Market Roundup:
- The New Zealand dollar saw the most action following RBNZ decision to increase rates by 25bps to 3%. NZDJPY jump 0.4%. The markets had already priced in the rate hike but the following statement was also hawkish, with the consensus being a further 0.5% increase this year, with some speculating June as the next rate rise.
- The Aussie sheepishly held onto yesterday's lows with mild gains of 0.1% early Asia trading as the markets await the next catalyst.
UP NEXT:
- German IFO Business climate survey edged lower from its 3-year high last month but overall looks strong, although this month's forecast is 0.2 lower than last month at 110.50. Whilst we can expect some movement on EUR crosses it is likely to be overshadowed by...
- ECB President, Mario Draghi, speaking about 'Central Banking in the Next Two Decades'. A lot of attention will be paid to his words for any clues regarding possible QE from the exchange rate and deflation.
- US Core Durable goods is a volatile release (in term of the actual release itself) as it can swing wildly between positive and negative. Durable goods are those built to last over 3 years so are a good indicator for economic outlook.

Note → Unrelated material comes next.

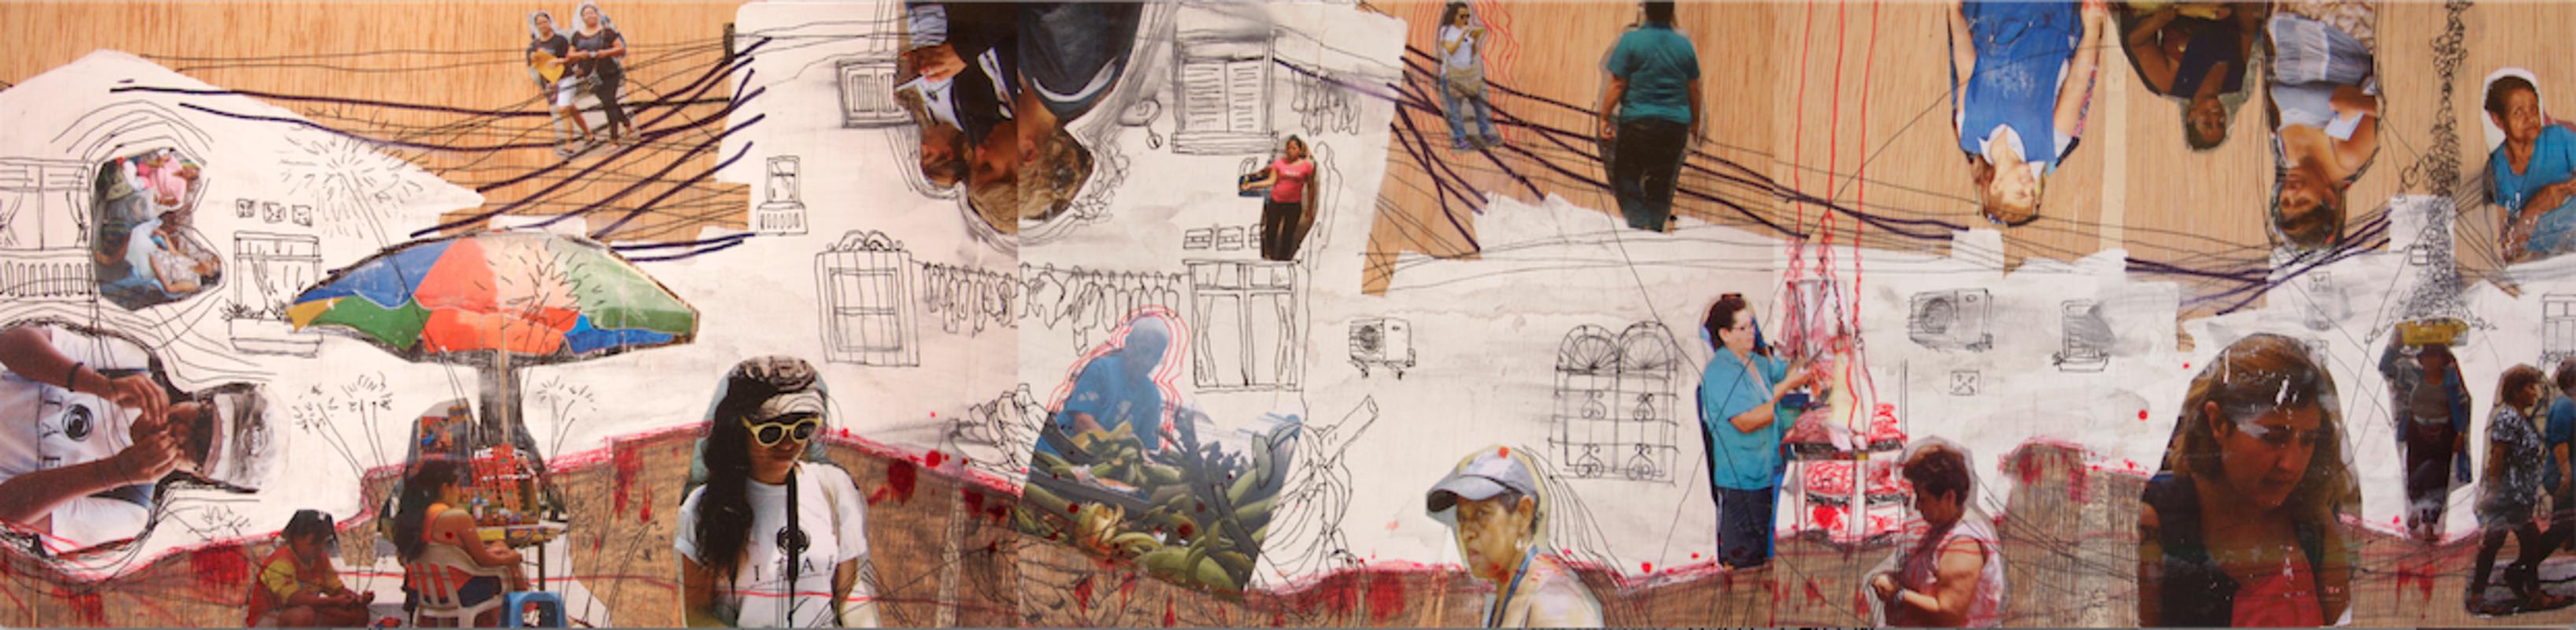 Diana Gardeneira / Mujeres del Barrio Cuba | Gardeneira Diana

- US Unemployment claims come out at the same time so expect some volatility across the markets, particularly USDCAD and USDJPY as they are main trading partners with the US.

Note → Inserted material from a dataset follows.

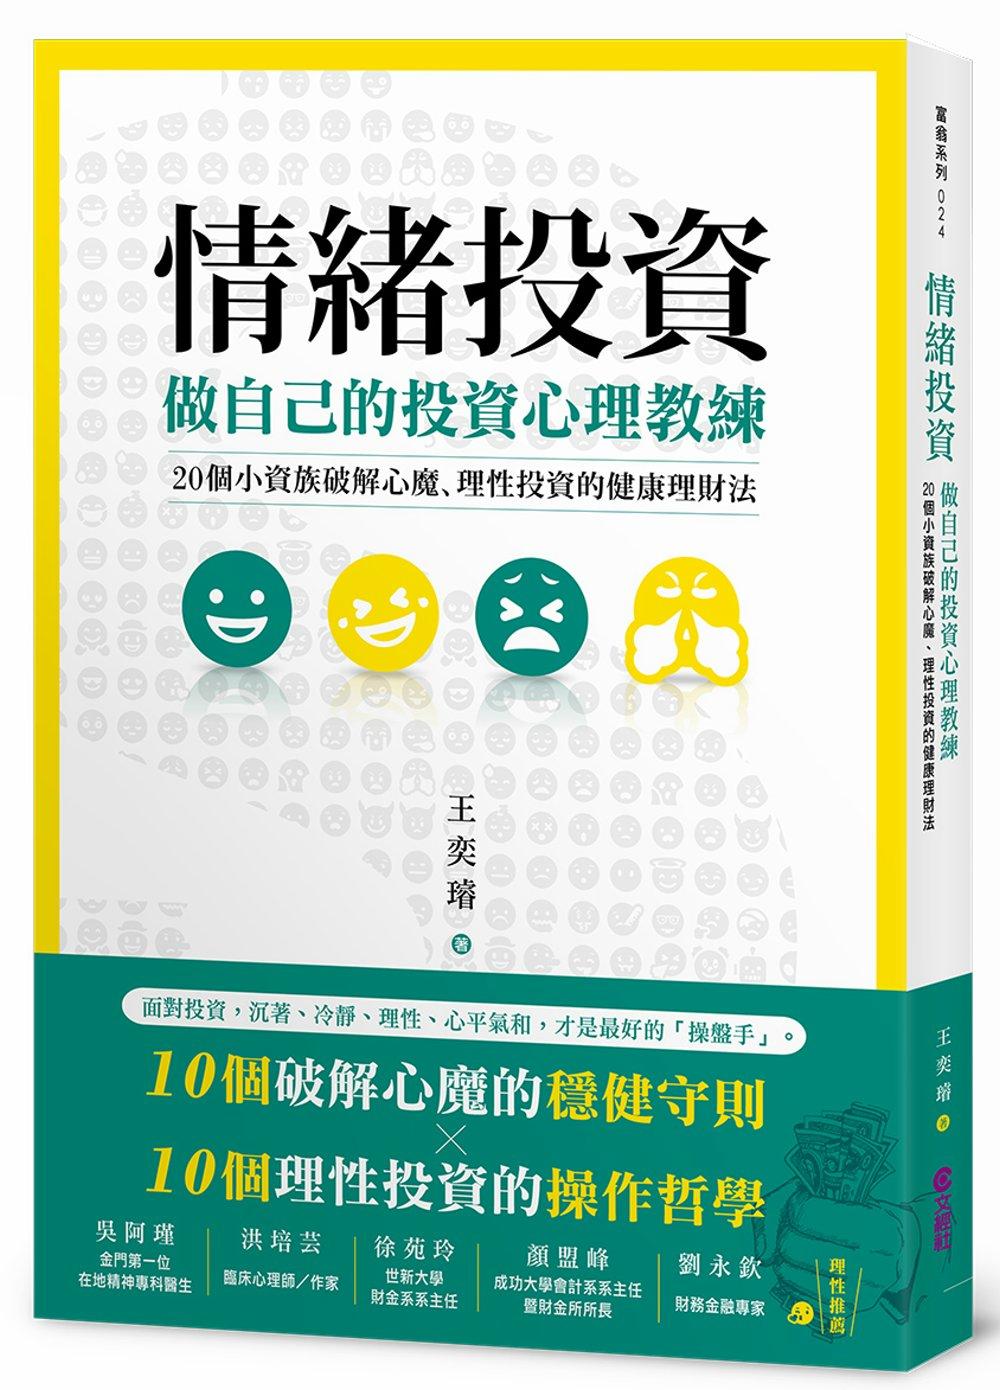 情緒投資:做自己的投資心理教練,20個小資族破解心魔、理性投資的健康理財法

Pairs to Monitor: EUR/USD, USD/CAD, USD/JPY, AUD/USD.
Technical Analysis:
AUD/USD: Dead Cat Bounce targets 0.925 (Below 0.93)
The Dead Cat bounce has to be my favourite setup, not only because the name is slightly comical but also because it is easy to identify and relatively reliable.

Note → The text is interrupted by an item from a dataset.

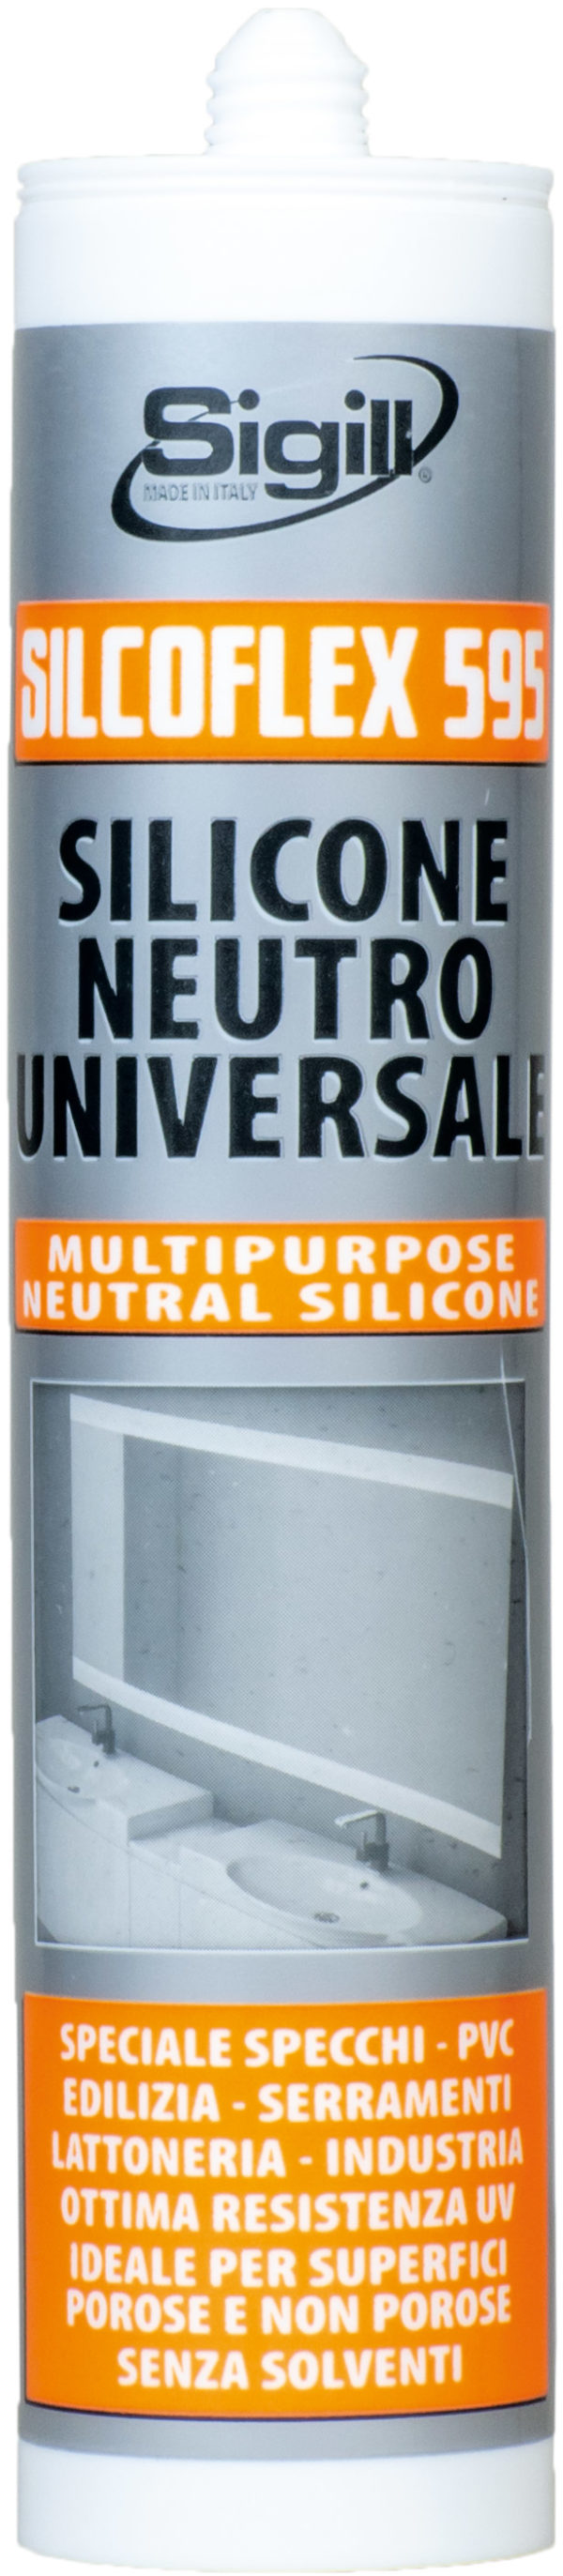 silicone, silicone neutro, silicone universale,

Indeed here we have a solid bearish bar followed by 'sheepish' retracement price action floating towards a resistance zone. Regardless of the outcome as a price action set-up I find it very appealing for a short position.
Options to enter are live at market with stop above the resistance area (up to you where). Alternatively you can set up a sell-limit order closer to the pivot line to anticipate 'one last gasp' before the losses resume.
A break above 0.9308 invalidates the analysis.
Brent Oil: Tweezer Bottom above Monthly Pivot
5 trading sessions ago we saw a Shooting Star Reversal followed by a Spinning Top/Rikshaw Man Doji, followed by 3 Hanging Men Reversals.
Just because the name states (or implies) 'reversal' or it doesn't mean it has to be one. It could just be a temporary weakness to a movement and sideways trading. As long as we remain above the Monthly Pivot then I suspect we are nearing the end of a correction and the 'Hanging Man Reversal' will turn out to be bullish hammers.
Also notice that the past 2 trading sessions have produced a 'Tweezer Bottom' with yesterday's inside bar showing a reduction of volatility whilst also respecting the Monthly Pivot.
The next target remains $110.80 and bullish setups on lower timeframes (H4, H1, and H15) could be considered above $105.80 with a break below $108.30 confirming the analysis invalidated.